Stalin's idea of fighting for the Soviet Union, of the individual beneath the great nation was a betrayal of the revolution. Trotsky also had proper, workable plans, while Stalin pretty much stole all of his ideas from Trotsky.

...
That's debatable. Trotsky was insisting on militarization of all workers (so-called trudarmiya, 'labour army'), he always supported more coercion on the home front during the Civil War. But he was an early globalist, that's true. :)
Chellis
04-08-2005, 07:57
Trotsky.

From what I remember, trotsky was against a dictator having control over the CCCP until true communism was formed, while lenin and stalin were for it. And I completely agree with trotsky that a communist nation cannot stand around capitalist ones.
Oye Oye
05-08-2005, 06:02
They are currently trading with many capitalist nations, (although not the US) and tourism is booming. However, they were supported throughout the 60s, 70s, and 80s by Soviet subsidies that wereworth dollar amounts in the billions.

Do you think Cuba's foreign trade policy is simply an issue of compromising pragmatics with ideology? After all, Cuba is a tiny island in comparison to the U.S. Can it afford to be picky as to who it trades with?
Grampus
05-08-2005, 06:12
As for railways and postal systems, they do have authorities to look after them.
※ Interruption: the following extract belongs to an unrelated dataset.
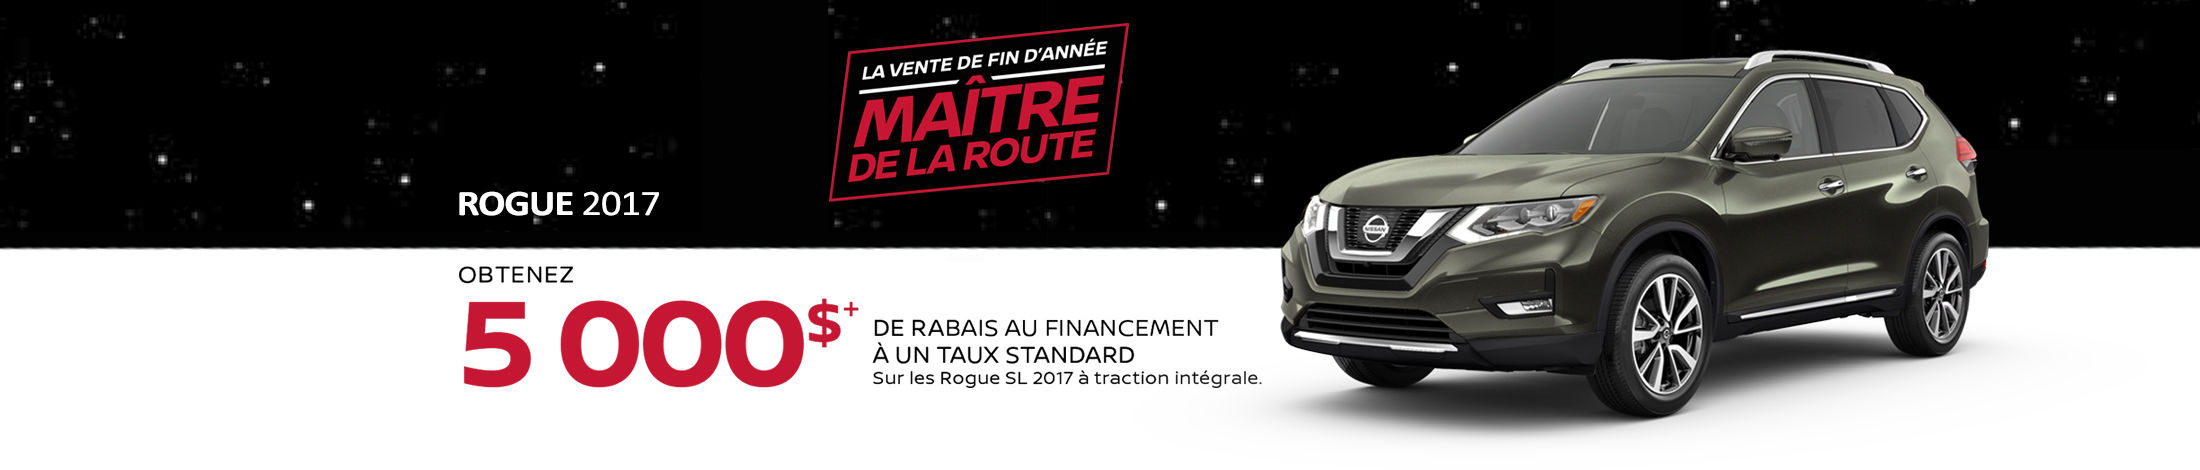 Nissan Rogue Promotion novembre - Banner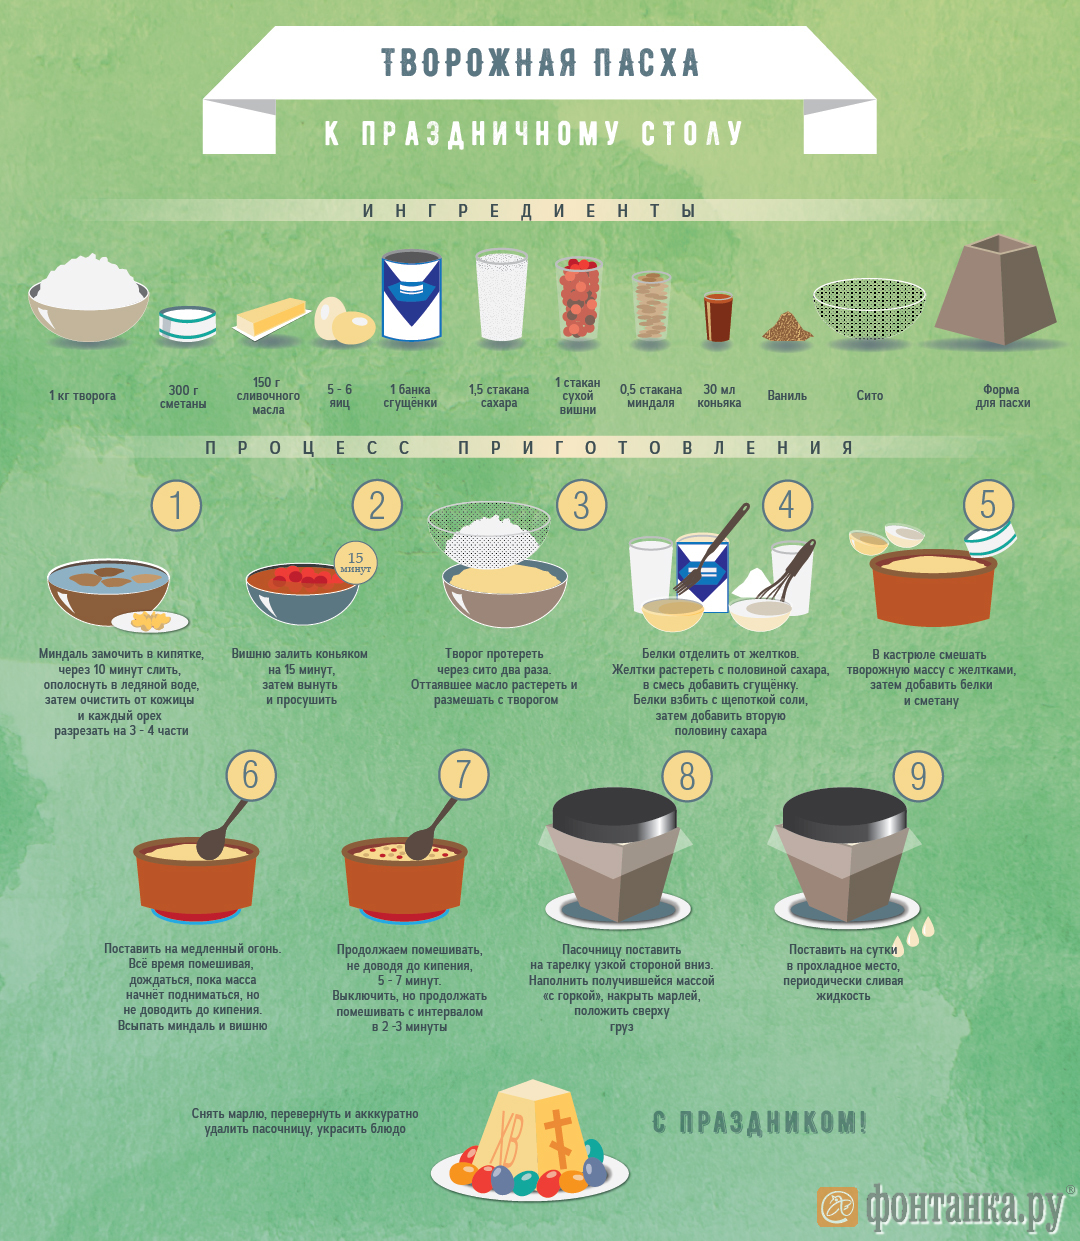 Простые рецепты к пасхальному столу. Инфографика (Иллюстрация 1 из 3) (Фото:

There is no international body which looks over the interests of either: they operate through agreements between states.

Without a central bank you can not help to transfer wealt. Without a central authority you cannot help to spread wealth because it will be useless without proper guidelines unless you want to go back to the era of precious coins and even more unbstable markets.Anarchy can not spread wealth.

Why spread 'wealth' when the need is for actual tangible commodities?
Oye Oye
08-08-2005, 01:12
There is no international body which looks over the interests of either: they operate through agreements between states.



Why spread 'wealth' when the need is for actual tangible commodities?

This is something that I was wondering as well. In order for a communist society to survive does it require the kind of capital gained from international trade?
Libertaville
08-08-2005, 01:41
Well I wouldn't have chosen either, but since a decision is neccessary here, I'd have voted for Stalin because I don't want an ice pick through my forehead. Both would have been tireless dictators, so it would seem smartest and most proper to go for the man with more power.